CXCR4 inhibitors. The CXCR4-CXCL12 axis is involved in multiple cancer processes, including signaling pathways related to cellular proliferation (PI3K/Akt and Ras/Raf/MAPK) [63,64], immune-suppression [65,66,67], metastatic spreading [68,69] and angiogenesis [70]. Concerning the latter, it has been shown that CXCR4-CXCL12 axis inhibition curbs vasculogenesis in pre-clinical models through an AKT-mediated signaling pathway leading to VEGF induction. In addition, in mice, CXCR4 acts as a chemoattractant for circulating neutrophils to the liver, aiding in the formation of pre-metastatic niches [71]. Interestingly, the CXCR4-CXCL12 axis has been shown to interact with PD-1 on tumor cells, which is upregulated upon CXCR4 inhibition, promoting tumor cell invasiveness [72]. Combinatorial treatment strategies targeting both CXCR4 and PD-1 are currently being studied in several pre-clinical models [72,73,74,75] and clinical trials (NCT03168139, NCT04058145, NCT02826486, NCT03628859, NCT04177810, and NCT04177810).

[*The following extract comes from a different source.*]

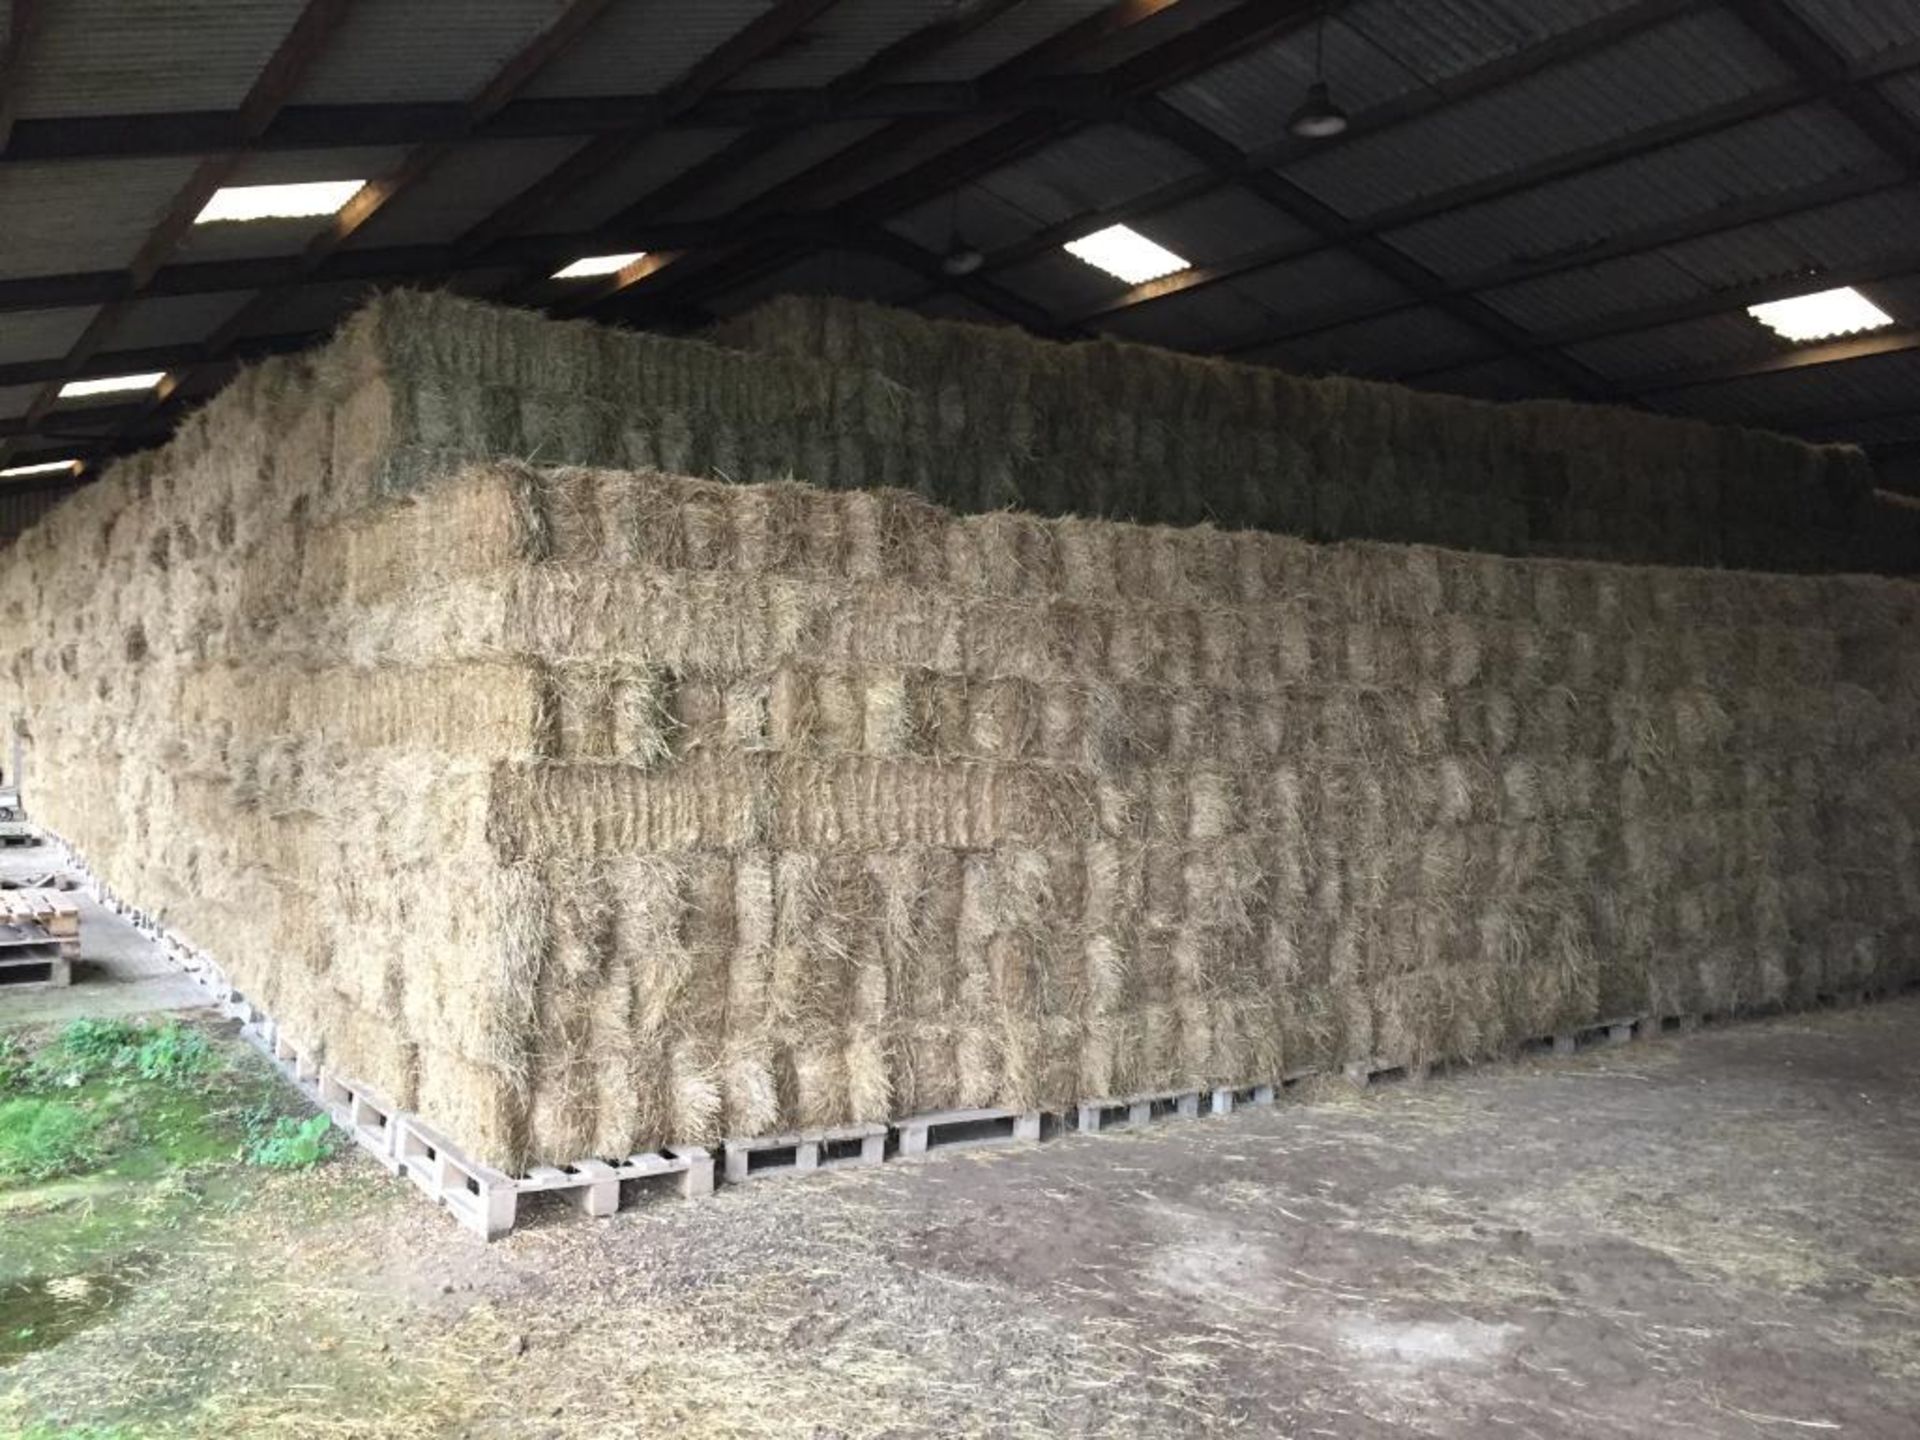 100 Flat 8 Bales only Meadow Hay in a barn. L. Radford Esq., Geaves Farm, PE27 5HG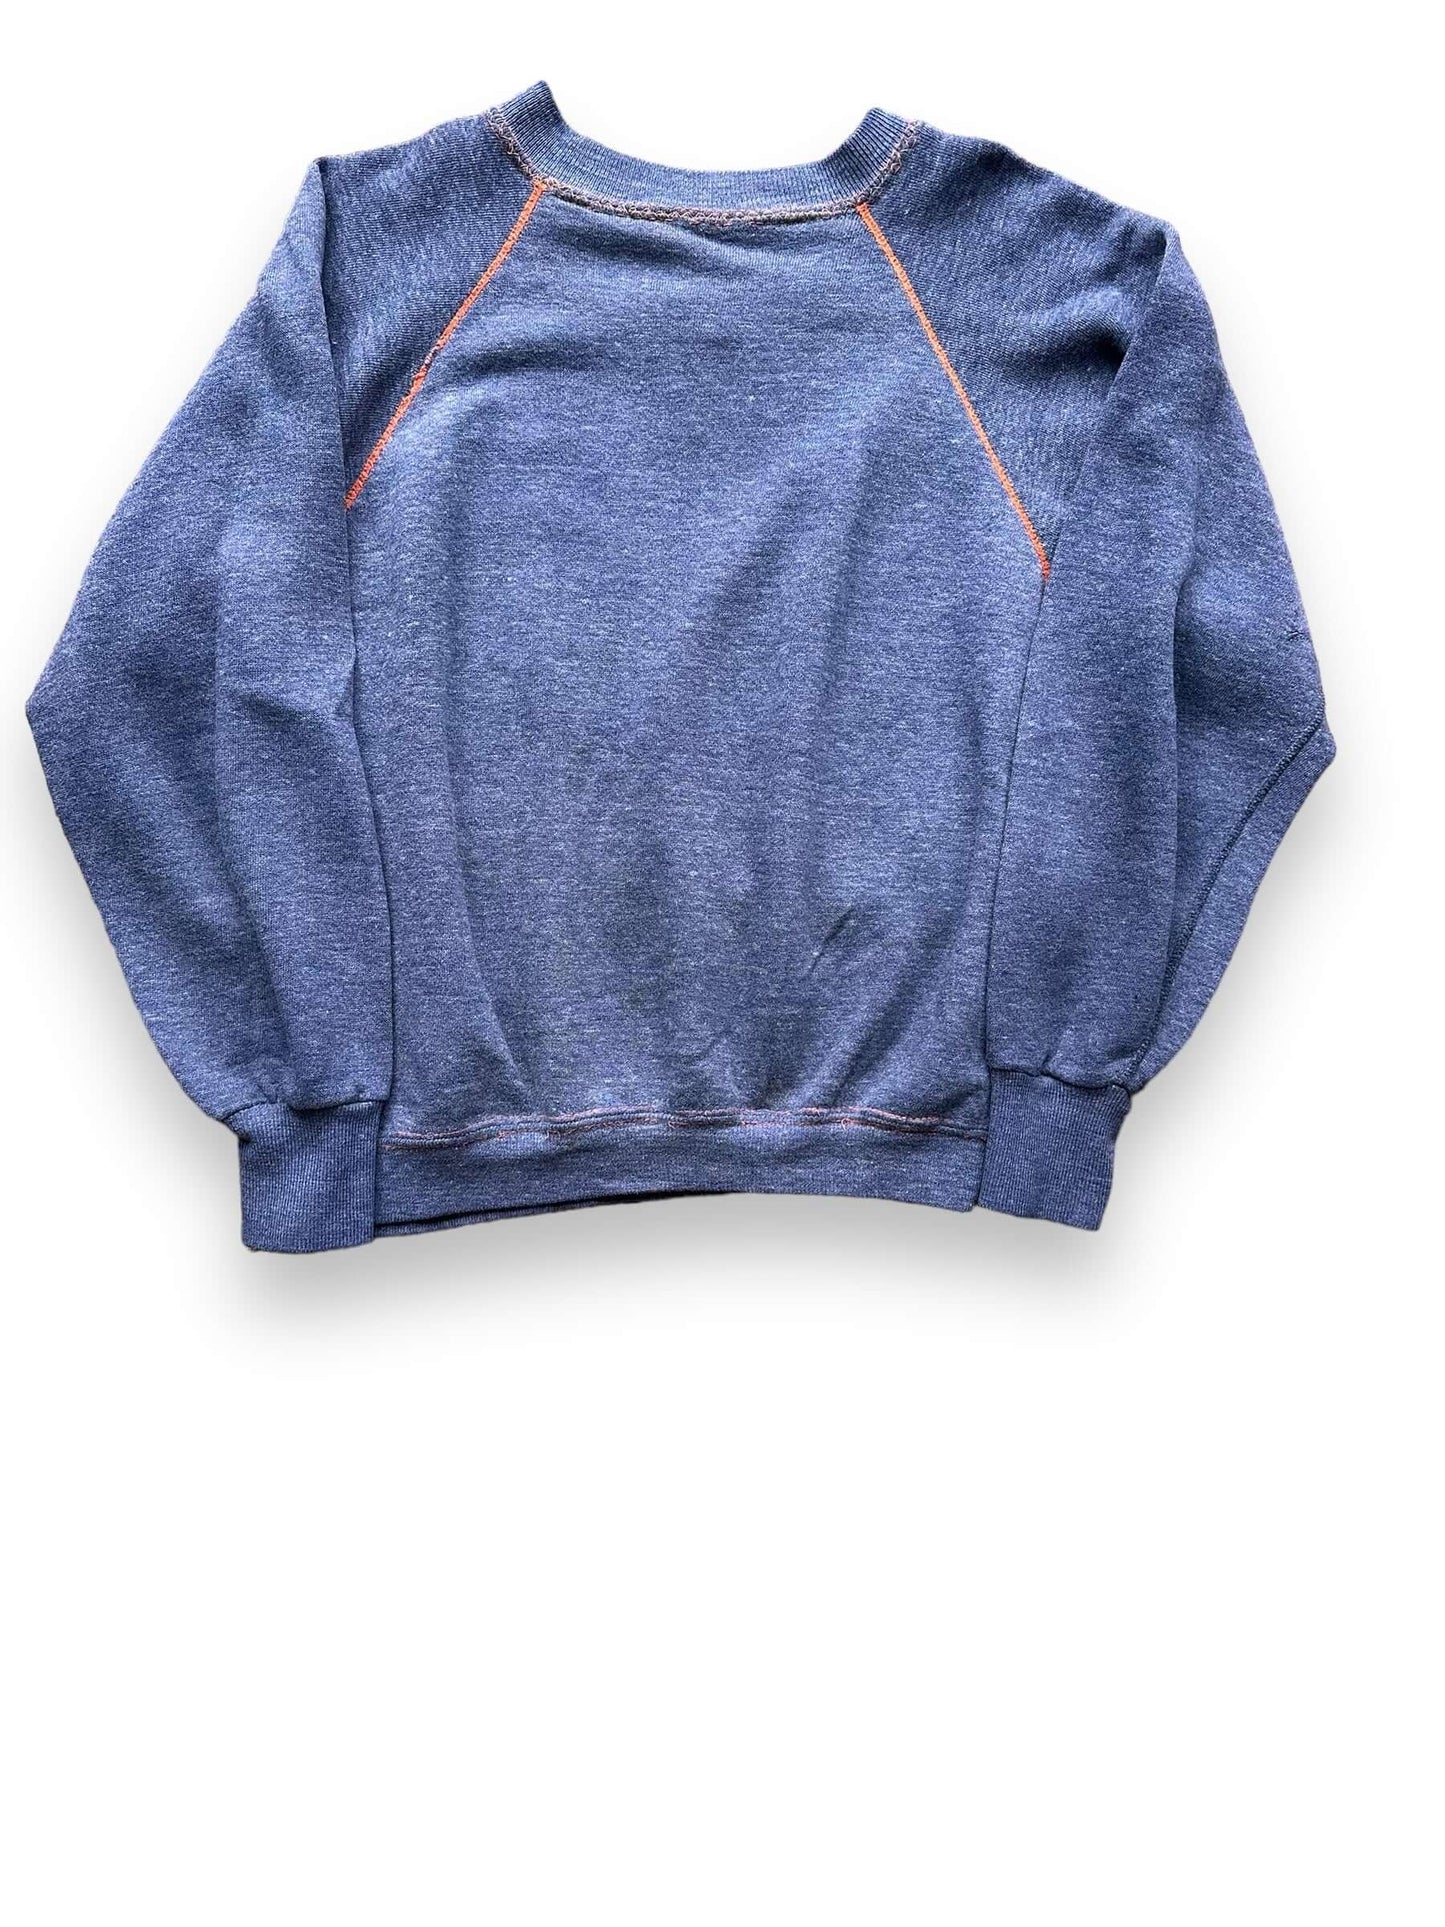 Front View of Vintage Blue & Orange Contrast Stitch Crewneck SZ M | Vintage Sweatshirt Seattle

Motixafortide (BL-8040), a small synthetic peptide targeting CXCR4, has been tested in patients with refractory, metastatic, pancreatic ductal adenocarcinoma (COMBAT, NCT02826486) in combination with pembrolizumab and chemotherapy. Of note, among the 22 patients enrolled in phase II, the ORR was 32% and DCR of 77%, with evidence of TME modulation, such as increased CD8+ effector T lymphocytes, decreased circulating Treg cells, and MDSCs [76]. Motixafortide is currently being tested in hematologic tumors (NCT02763384) and in solid tumors (NCT04543071, NCT03281369, NCT03193190).
Balixafortide (POL6326), a synthetic cyclic peptide, is being tested with nab-paclitaxel/eribulin in patients with HER2-negative, metastatic, refractory, breast cancer (NCT04826016, POLTER), after promising clinical activity demonstrated in a phase I trial (NCT01837095), with an ORR of 30% (95%CI, 18−44%) and good tolerability [77,78].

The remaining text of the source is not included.